It is critical that native Layer 3 forwarding intelligence be present on every network element, from the video distribution router connecting the VoD server(s) to the aggregation router in the central offices, to enable this on-path admission control solution. All provider edge aggregation routers (PE-AGG) illustrated in Figure 1 support this level of Layer 3 forwarding and application intelligence. Network delivery architectures using Layer 2 mechanisms (for example, H-VPLS and IEEE 802.1ad) in aggregation networks cannot support this type of dynamic intelligent on-path video admission control.
A complementary process of integrated connection admission control is designed to prevent a VoD video stream from being transported if the access link to the subscriber lacks the capacity to carry the stream. To provide this additional subscriber safeguard, the VoD server (in concert with appropriate middleware application components) sends a request to the Cisco Business Policy Manager (BPM) (or equivalent policy server), which is keeping track of each access link to the subscriber. Subscriber access links are usually configured in a simple and semistatic manner, highly appropriate for an off-path admission control approach illustrated in Figure 2.
Figure 2. Access Link Admission Control (Off-Path)
The policy server can check to see if the access link has enough unused bandwidth and can also check to see if business policies are in place (that is, the subscriber is entitled or is paying for this service) to allow the stream to be supported. The requested session is then either allowed or denied on the access link. This off-path portion of the solution is not recommended to perform admission control for the distribution and aggregation layers, because the policy server-based approach to tracking any real-time changes in these complex topologies would not meet the response requirements of the consumers. However, combination of an integrated on-path admission control function in the aggregation network and an off-path policy server query at the network edge has been shown to be the most reliable and efficient mechanism for video admission control.
Access Network - Video Error Repair
One of the most significant concerns for IPTV providers delivering video to subscribers over copper lines is the amount of overall line errors that can occur on these subscriber access lines (for example, DSL). In fact, the effect of DSL access-line errors on video network quality far exceeds the combined effect of all network outages described earlier. Most providers have built out their networks to deliver 10-4 packet loss across their broadband subscriber access lines. These access networks were initially deployed to support HSI services that are much more tolerant of packet loss and can take advantage of TCP retransmission characteristics.
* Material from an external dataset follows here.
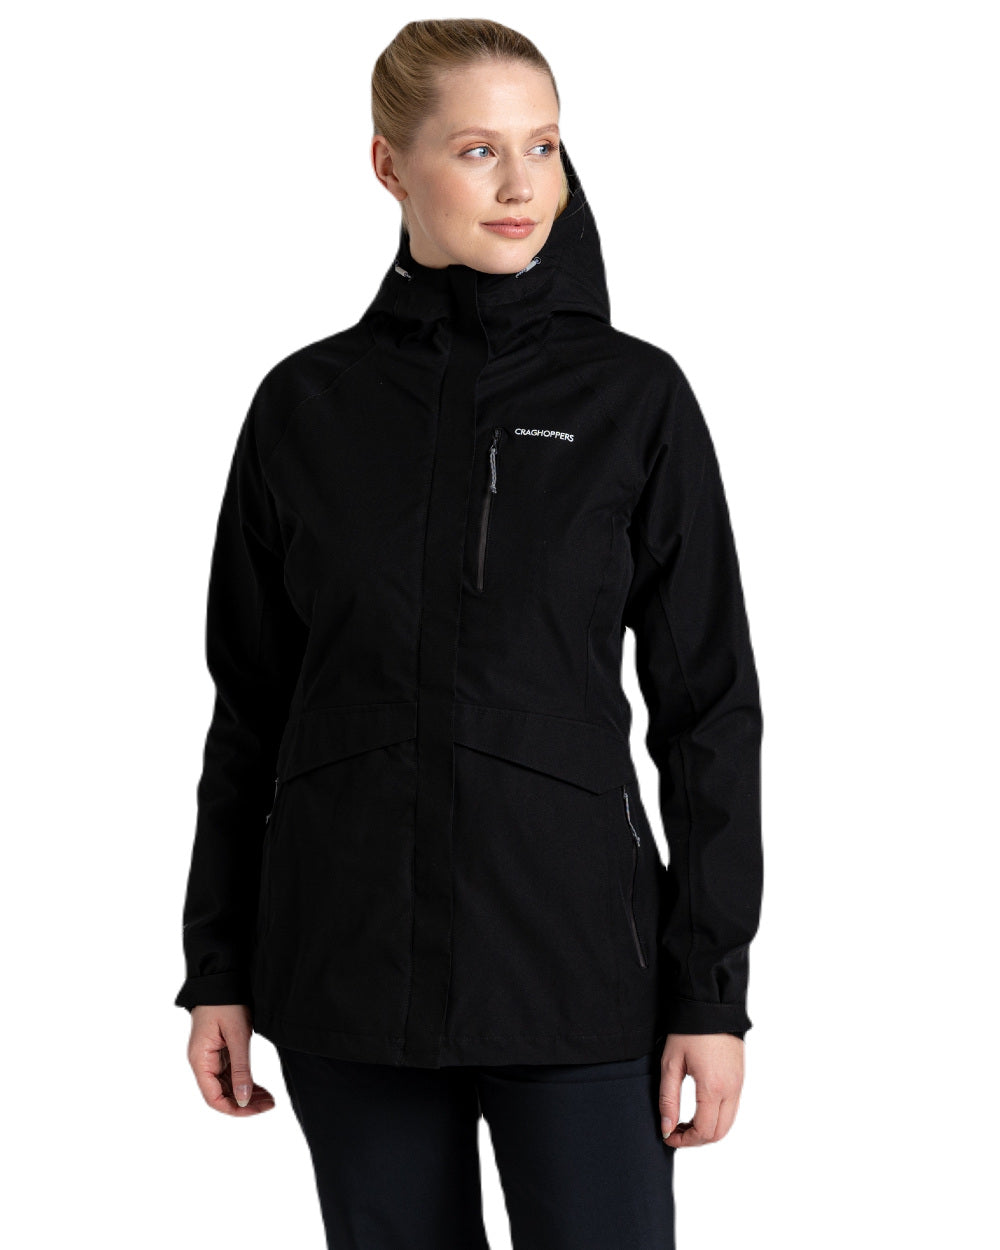 Black Coloured Craghoppers Caldbeck Ladies Jacket On A White Background

As mentioned earlier, quality video is intolerant of packet loss and requires a packet loss of 10-6 delivered to the video decoder contained in the STB or other video decoding device. Bit errors on access lines actually cause significant video packet loss, and with a bit error rate of 10E-6, one may see an average of 1 artifact per minute In fact, DSL line errors of 10e-6 are a couple of orders of magnitude below the desired threshold for high quality video delivery. As such, these line errors limit the deployment of high-quality video to a percentage of available access loops in order to meet the packet-loss requirements. As a result, wireline service providers are faced with a smaller addressable market offering fewer subscriber acquisitions - a challenge when marketing the service to all subscribers. Even if market geographies are certified for IPTV service delivery, the operator still runs the risk of DSL line errors causing video quality degradation on many of their loops, which can be the result of temperature, humidity, or intermittent noise that can affect the overall video experience and further affect subscriber retention or cause negative word-of-mouth discussions that result in lost opportunities.
The Cisco VQE technology innovations offer providers an error-repair capability to address these line faults. Cisco has taken advantage of the end-to-end video aggregation solution, which links the aggregation network to the STB, to mitigate access-line errors. The ingredients of this solution are the STB, its buffer, its monitoring capability, and an intelligent video delivery network to deliver 10-6 packet loss over a larger portion of the subscriber access lines. The solution allows the STB to monitor video packet loss using the standardized Real-Time Transport Control Protocol (RTCP). When packet loss is detected, the STB makes a packet retransmission request for the lost packet. The video delivery network intercepts this request and delivers a replacement packet to the STB before the location of the packet (that is, its place in the packet order) in the STB buffer has been reached by the video decoder. In effect, this solution combines innovative packet monitoring and intelligent packet retransmission mechanisms to improve consumer visual QoE.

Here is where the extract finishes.